SUPPLIED RECORDS:
════

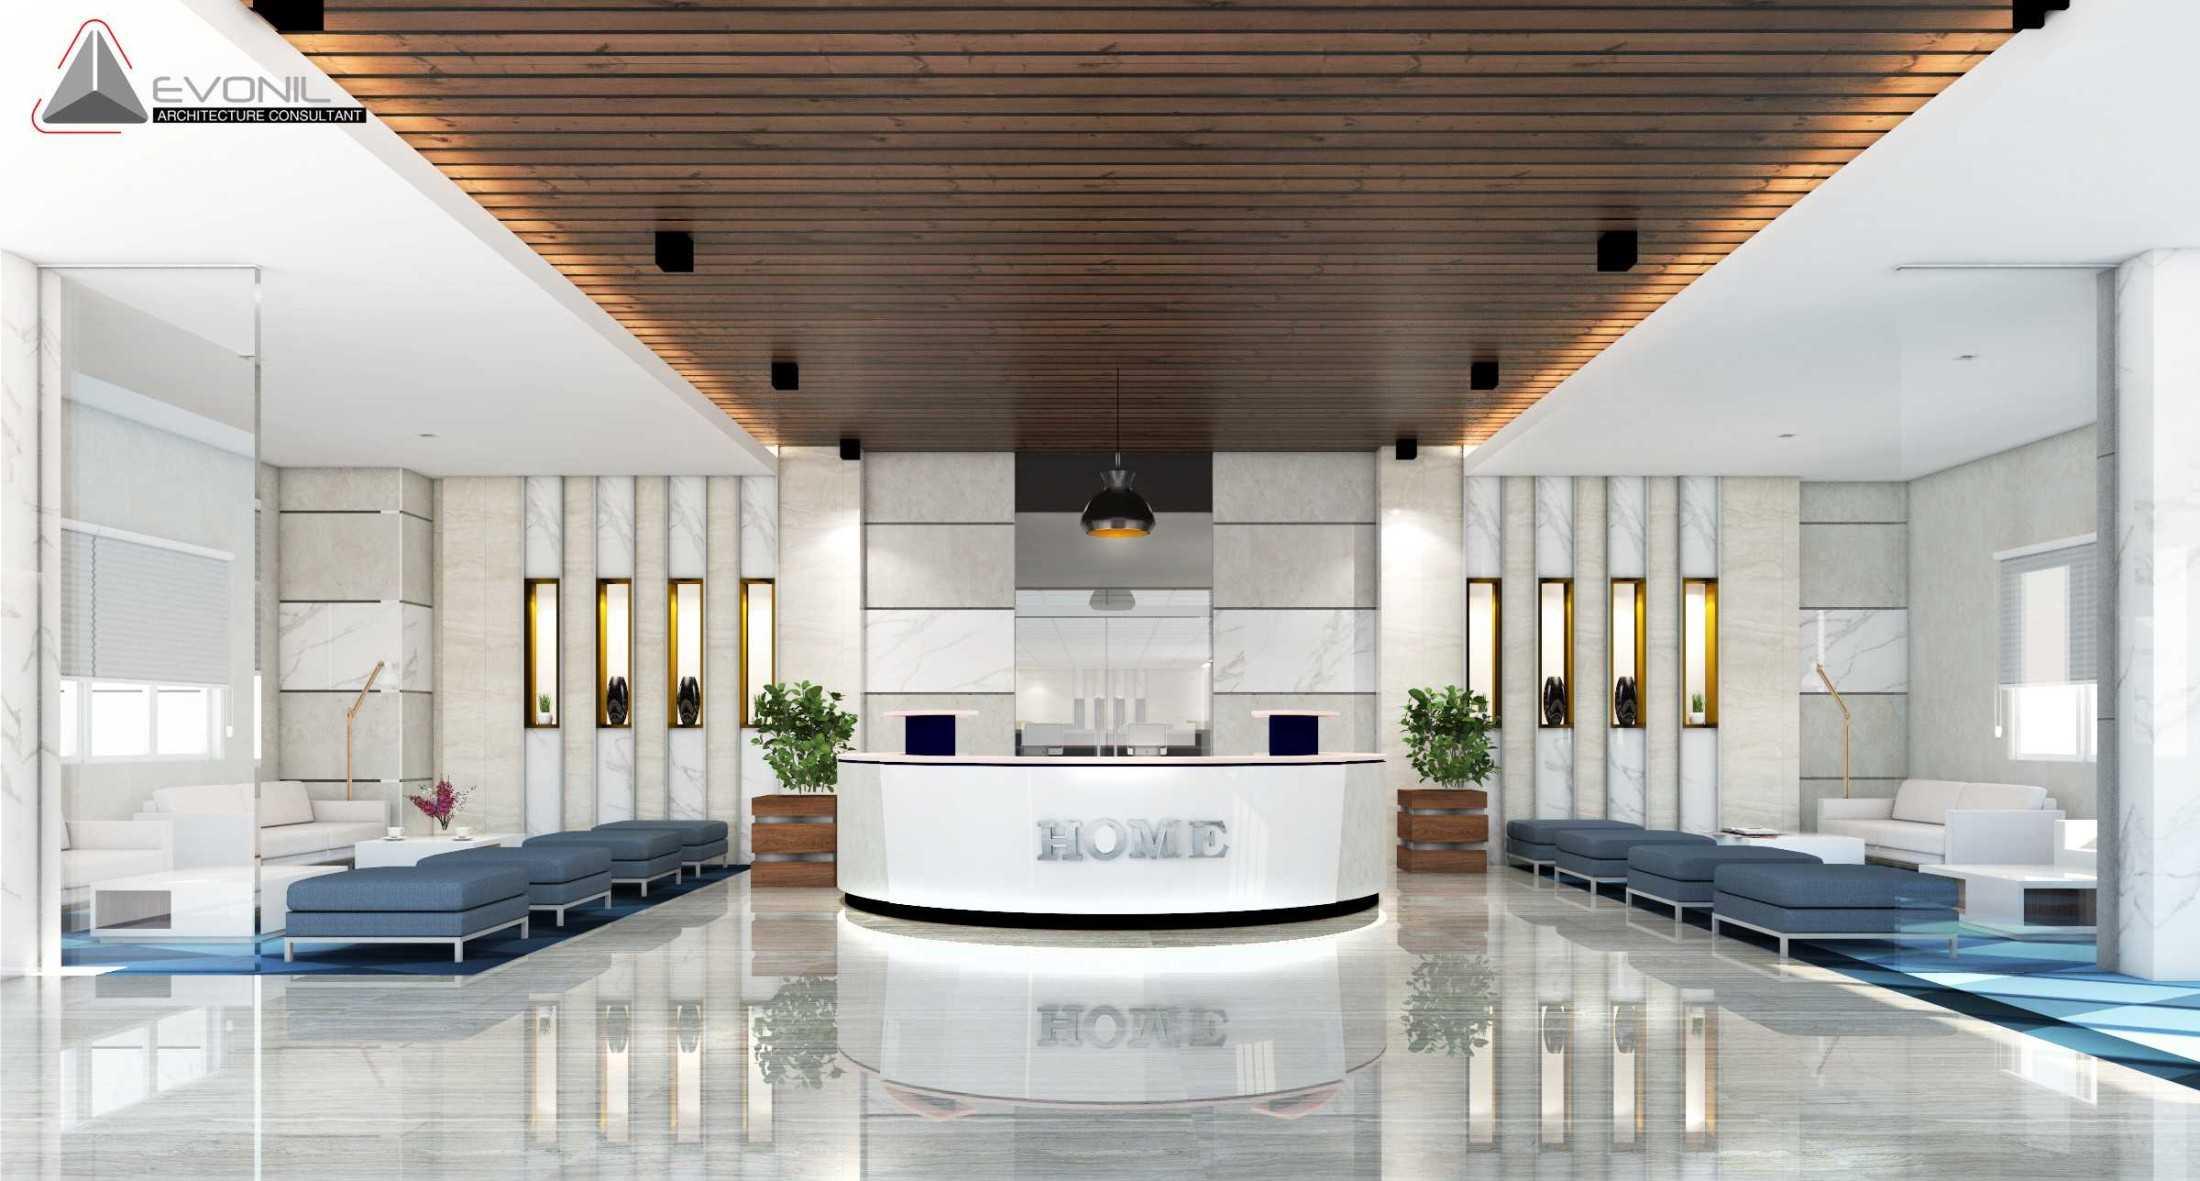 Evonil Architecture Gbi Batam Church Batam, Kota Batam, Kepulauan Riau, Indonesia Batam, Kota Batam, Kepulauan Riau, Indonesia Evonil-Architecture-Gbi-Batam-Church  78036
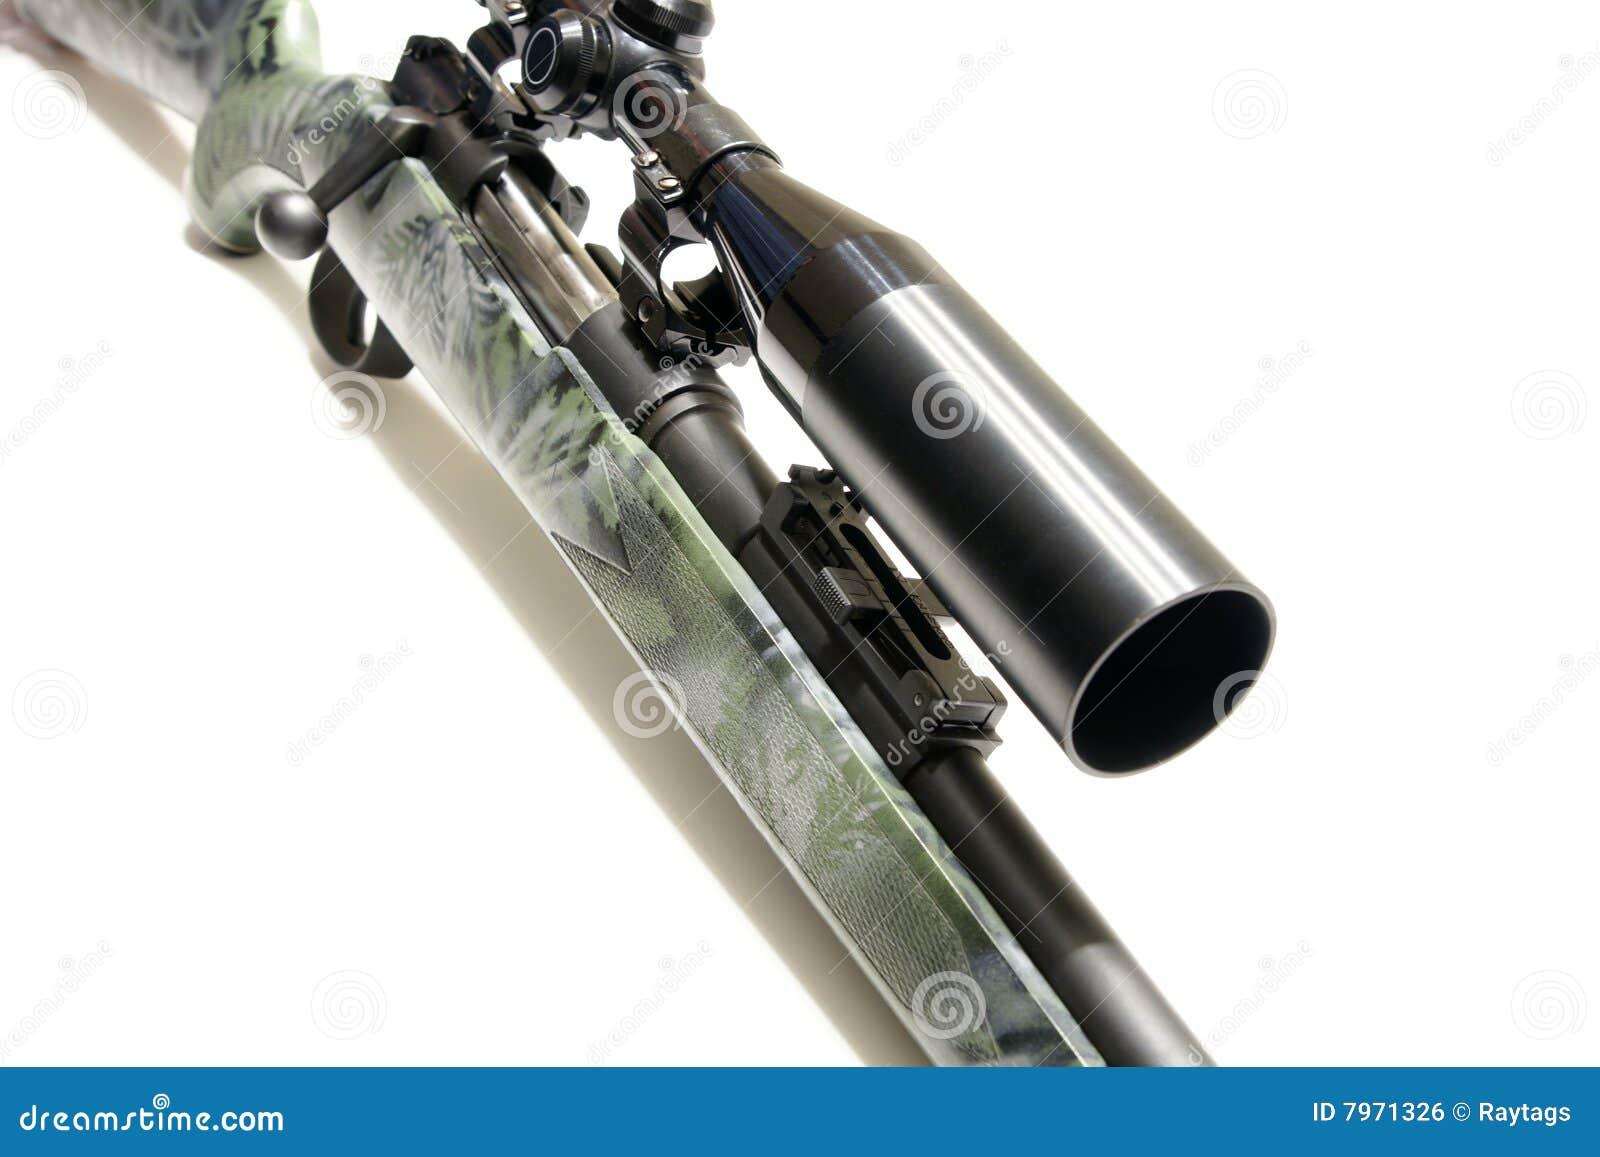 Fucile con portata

════

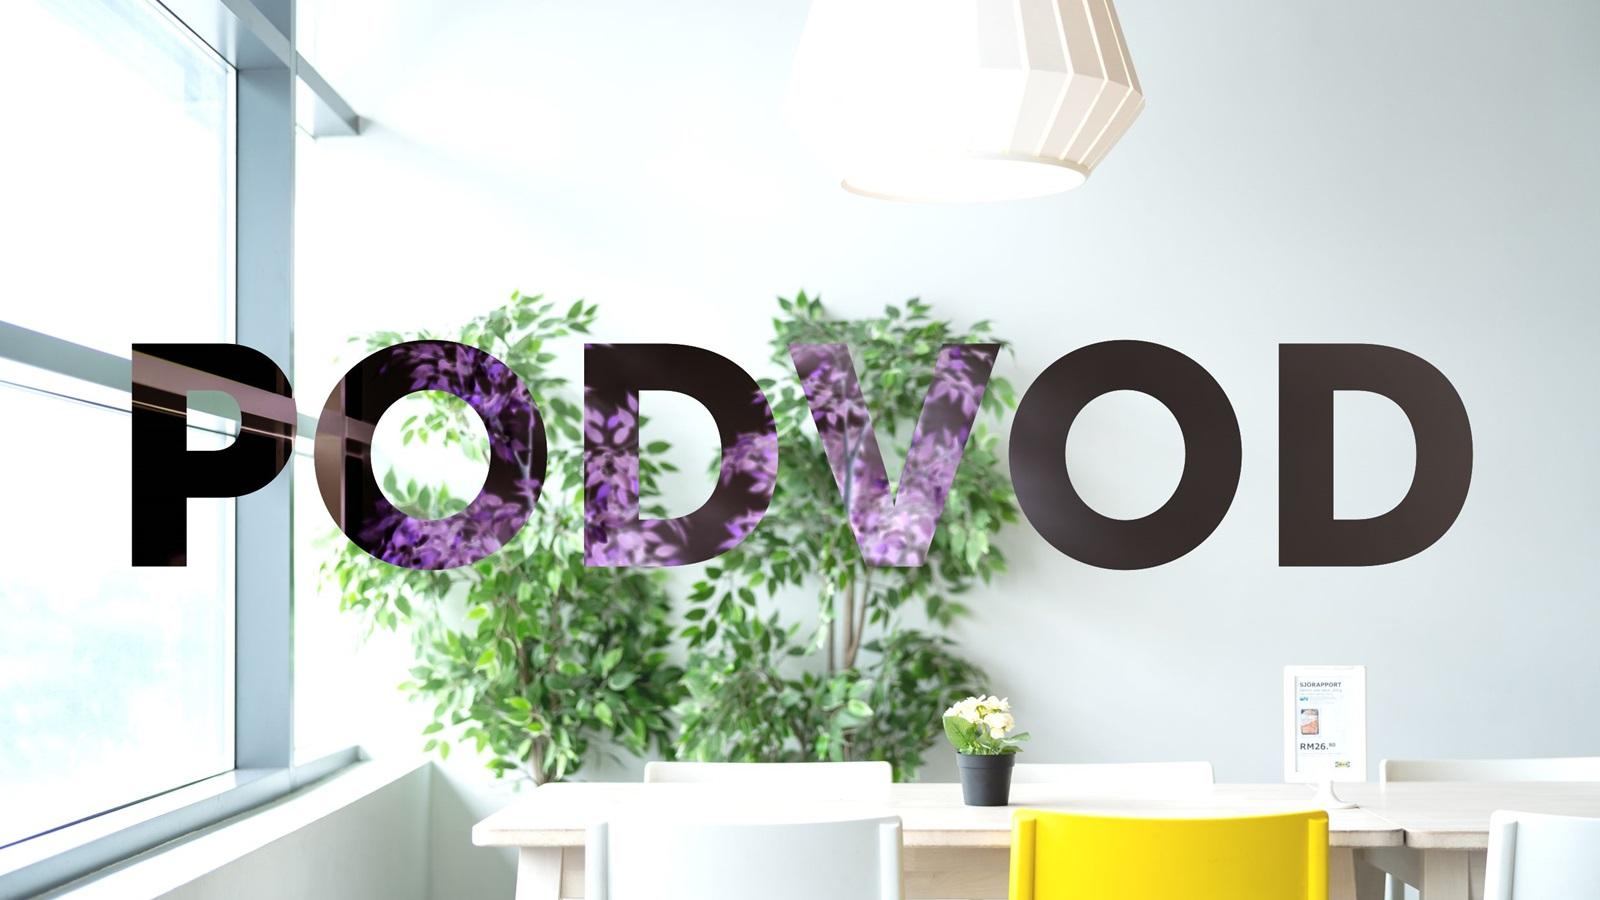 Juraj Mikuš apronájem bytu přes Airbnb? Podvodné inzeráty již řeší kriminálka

════

With pictures excluded, reproduce exactly the lines above from the one containing "Evonil Architecture Gbi" down to the one containing "Fucile con portata", those two included.

 Evonil Architecture Gbi Batam Church Batam, Kota Batam, Kepulauan Riau, Indonesia Batam, Kota Batam, Kepulauan Riau, Indonesia Evonil-Architecture-Gbi-Batam-Church  78036
 Fucile con portata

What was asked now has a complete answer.